For the market to improve, consumer sectors, including e-commerce, need to generate better underlying revenue growth, Garner said. For now, we're pretty cautious about that.

Jonathan Garner, head of Asia and emerging markets strategy at Morgan Stanley. Photo: Handout

For those looking for a silver lining in cheap valuations, which are now about 10% off their lowest level in a decade, it is important to note that profitability is facing a structural decline, he said. Return on equity for Chinese companies in the middle of the last decade was about 17%, about the same level as India today, but it has fallen to about 10% and continues to decline.

“With changes in the economy and business models, we see that corporate margins are shrinking significantly and asset utilization is trending down,” he said.

Since joining Morgan Stanley’s Asia Research division in 2006, which has topped the Institutional Investors rankings for seven consecutive years, Garner has often been a lone voice.
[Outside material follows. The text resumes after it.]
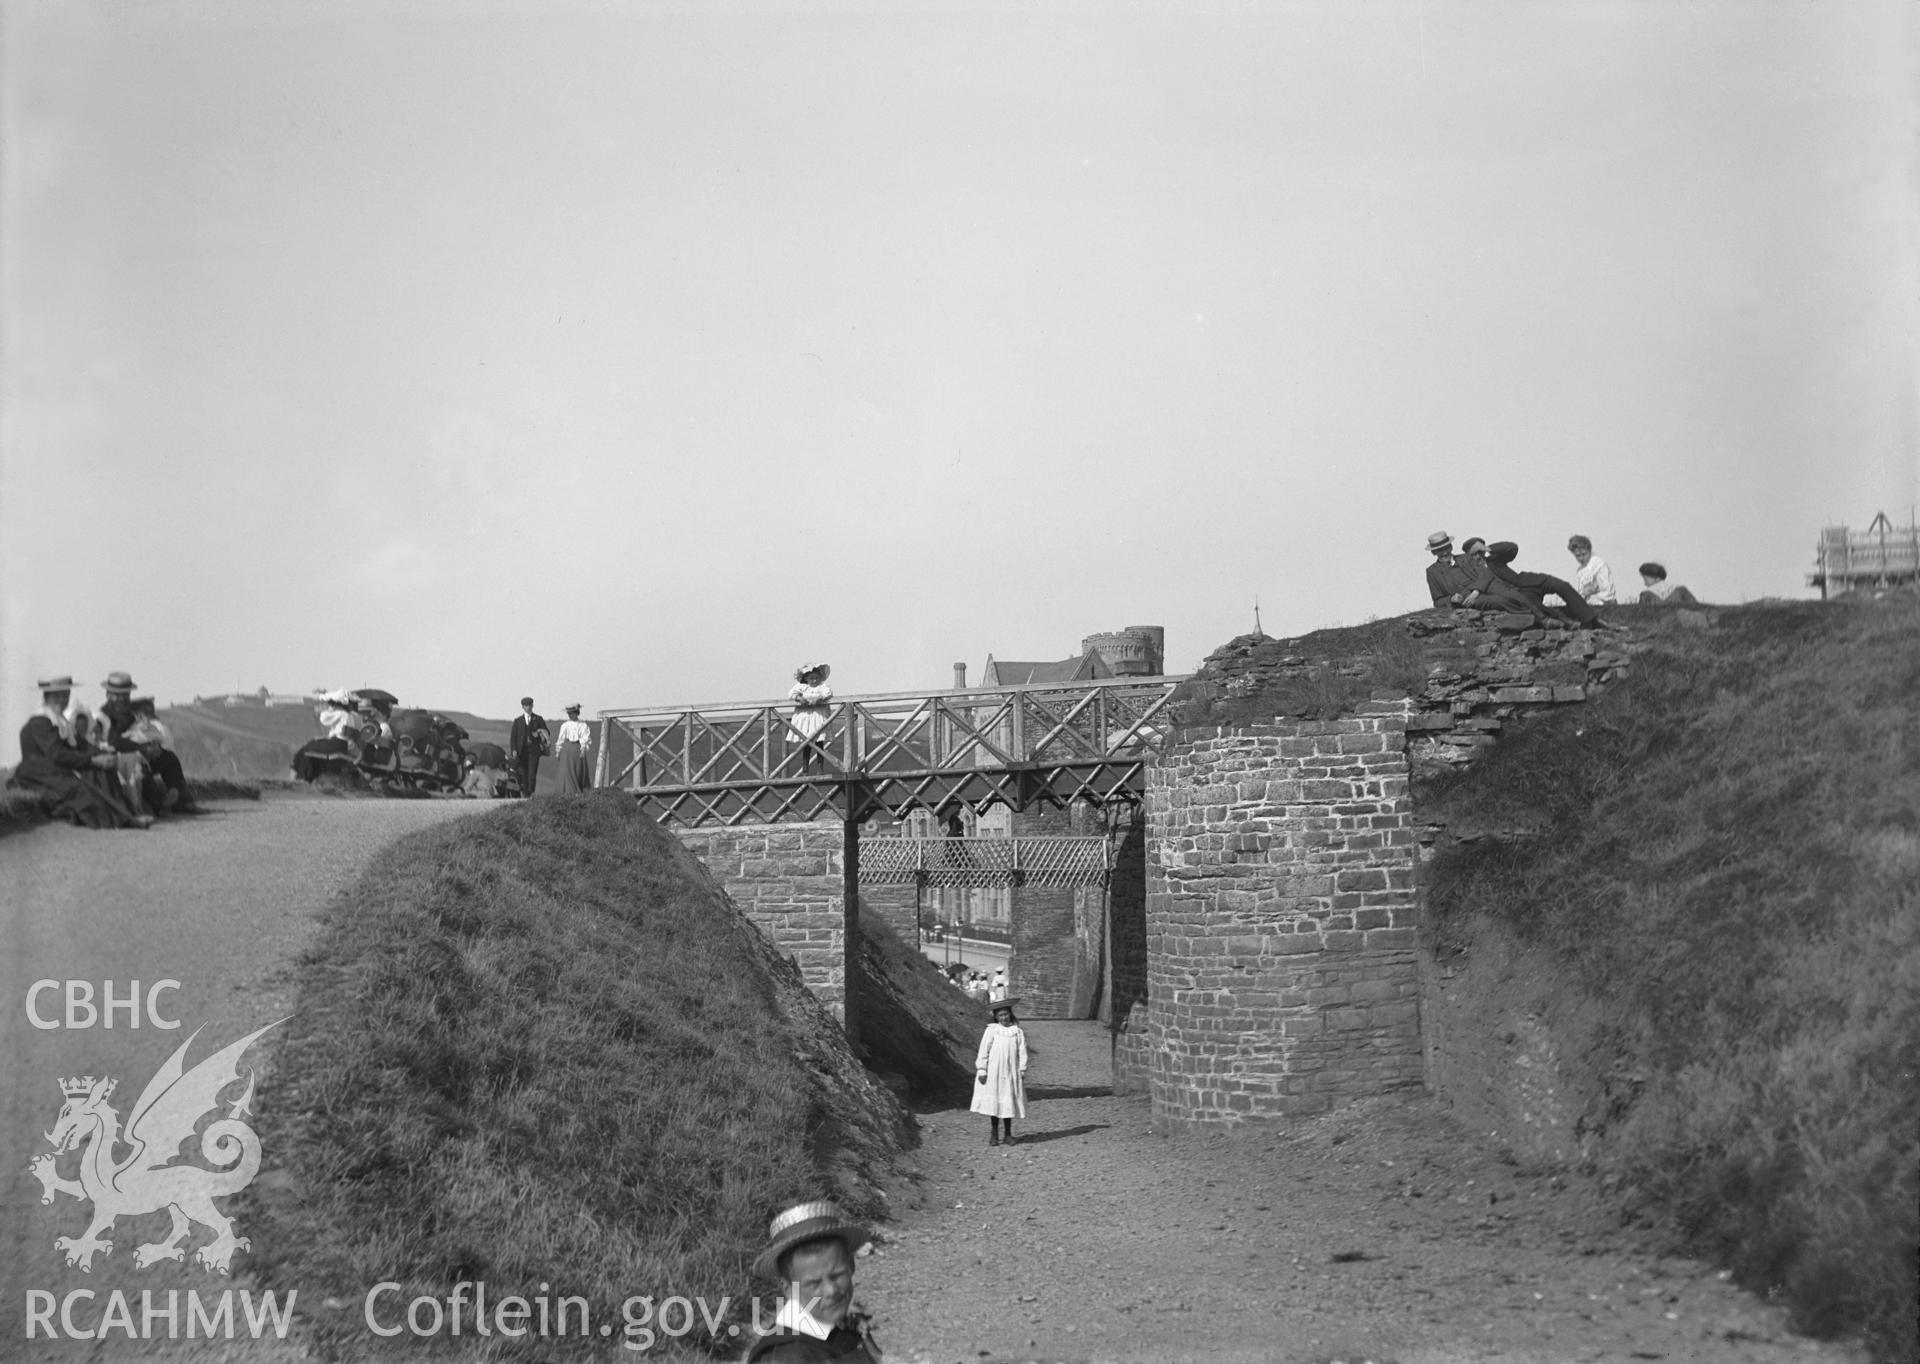 Black and white image dating from c.1910 showing the walkway across the moat at Aberystwyth Castle.

In one of the most recent calls, on May 9, he warned against chasing Chinese rally amid wave of buy cheers of Goldman Sachs and UBS. The race has since cratered after peaking later in the month.

China's prolonged slump has also led to a significant reduction in its weighting in the MSCI Emerging Markets Index, from around 45% to around 25%, with other large emerging markets such as India and Taiwan filling the void.

Japan and India, the new darlings of investors turning away from China, are both in secular bull markets and could continue to be attractive destinations for capital, Garner said. Both are posting very strong earnings growth of 15% to 20% year-over-year, and domestic investors in both markets are very engaged and buying stocks.

The Topix index, which surpassed its 1989 peak and hit a record high last week, could hit 3,200 points by next June, up about 11% from its current level, Garner said. India's Sensex is also expected to outperform the Shanghai Composite Index for the fourth consecutive year, he said.

According to Garner, investor attention is now much broader in Asia than before. Asian investors are focusing on a broader range of opportunities than they were three years ago.